Императорские фиалки - Владимир Нефф
Шрифт:
Интервал:
Закладка:
— Да, конечно, Новотный указал ему на дверь, — подтвердил Гафнер.
«На дверь я ему не указывал хотя бы потому, что мы разговаривали во дворе, на Сеноважной площади, — думал Недобыл. — Вы же знаете, сказал я ему, сейчас зима, у меня даже своим людям делать нечего. И вопрос был исчерпан. Он еще попросил извинить за беспокойство и ушел. Кто мог подумать, что он сразу после этого взбеленится и начнет вытворять такое!»

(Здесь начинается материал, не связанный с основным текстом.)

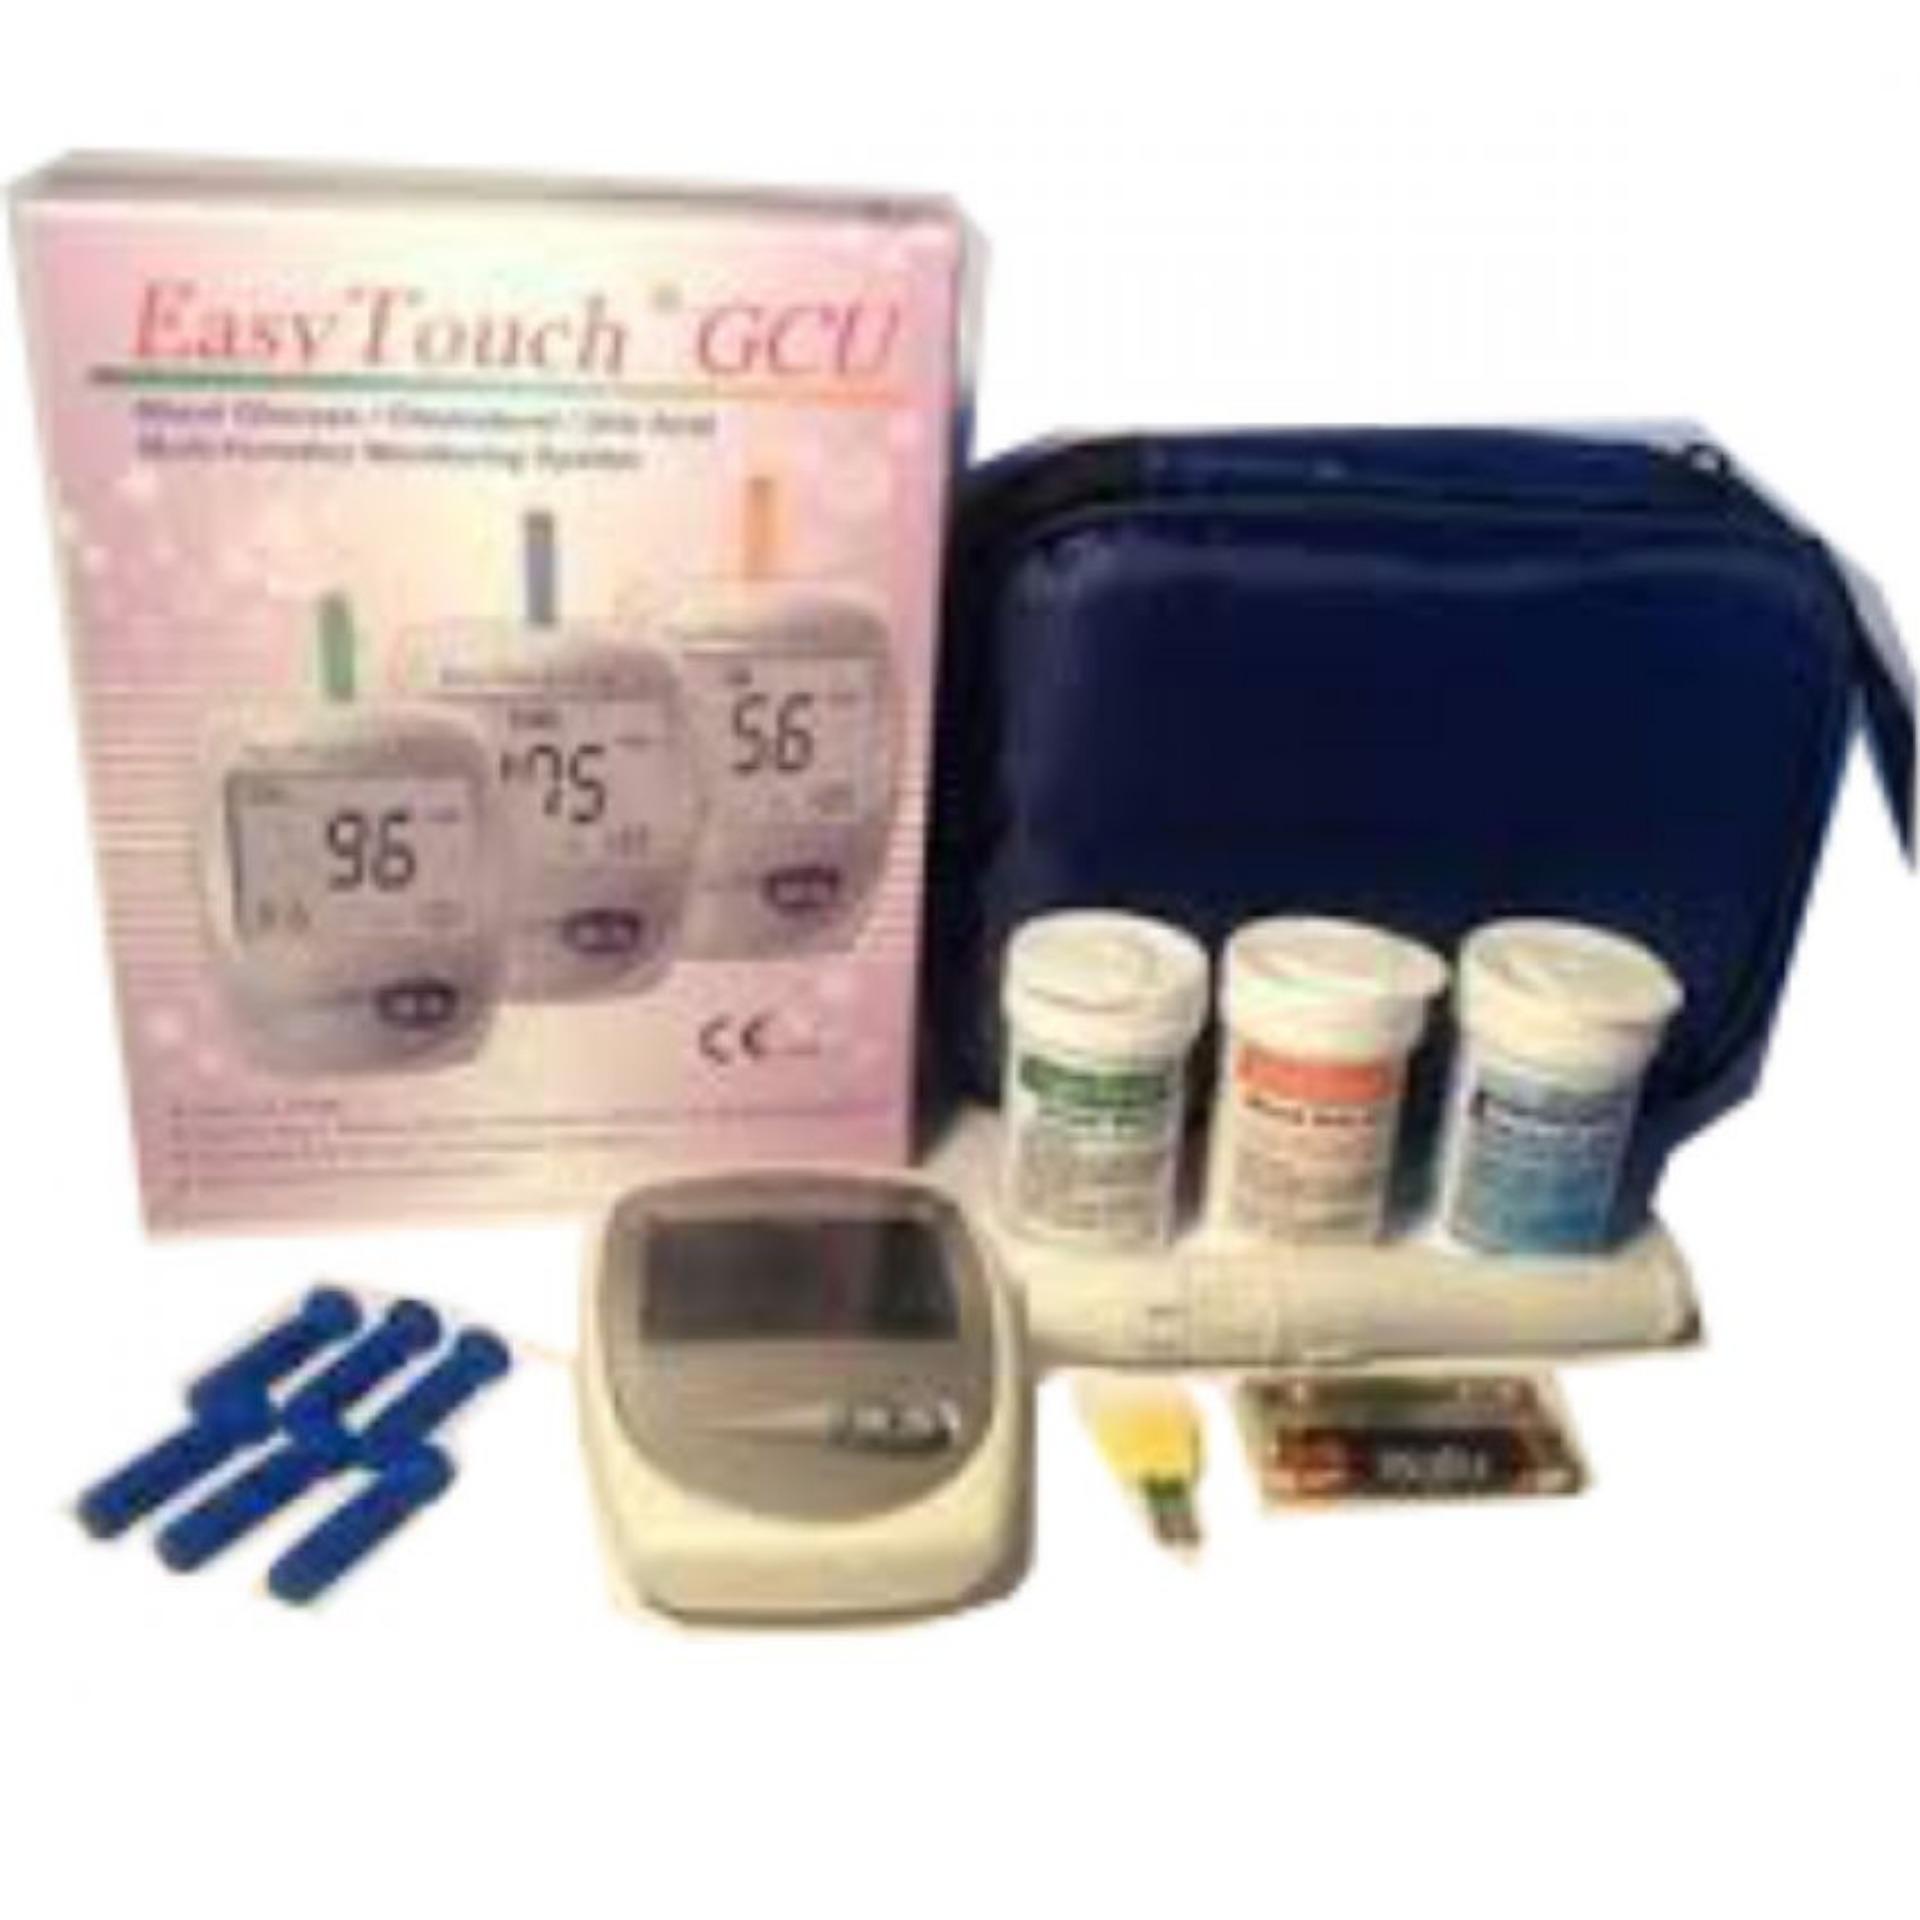 Eshop Checker Easy Touch Gcu Alat Cek Darah 3 In 1 Kolesterol Test Gula Asam Urat Cholesterol 3in1 Dangula

— Нетрудно догадаться, что с Новотным он разговаривал вежливо, даже подобострастно, — продолжал Гафнер, словно читая мысли Недобыла. — Так уж был воспитан, в почтении к господам. За три года, проведенные нами вместе, он не мог преодолеть некоторой робости передо мной, несмотря на то что я был таким же несчастным, как он, — все видел во мне господина. У него были длинные, унылые усы и вытянутое печальное лицо, лишь редко выражавшее его мысли и чувства; впрочем, его мысли всегда были печальными, а чувства горькими. Я отчетливо представляю, как он, стоя перед Новотным, мял в руках свою старую шапку с твердым сломанным козырьком.
«Да, мял, — мысленно подтвердил Недобыл, — а с усов свисали ледяные сосульки».
— Он отважился надеть шапку, лишь скрывшись из глаз Новотного, — говорил Гафнер. — Она была велика, сползала на уши, потому что в тюрьме он сильно исхудал: странно, но у человека даже голова худеет.
— Этого не может быть, — вмешалась Мария. — На голове нет жира.
— Очевидно, может быть, — ответил Гафнер. — Но, выйдя на улицу…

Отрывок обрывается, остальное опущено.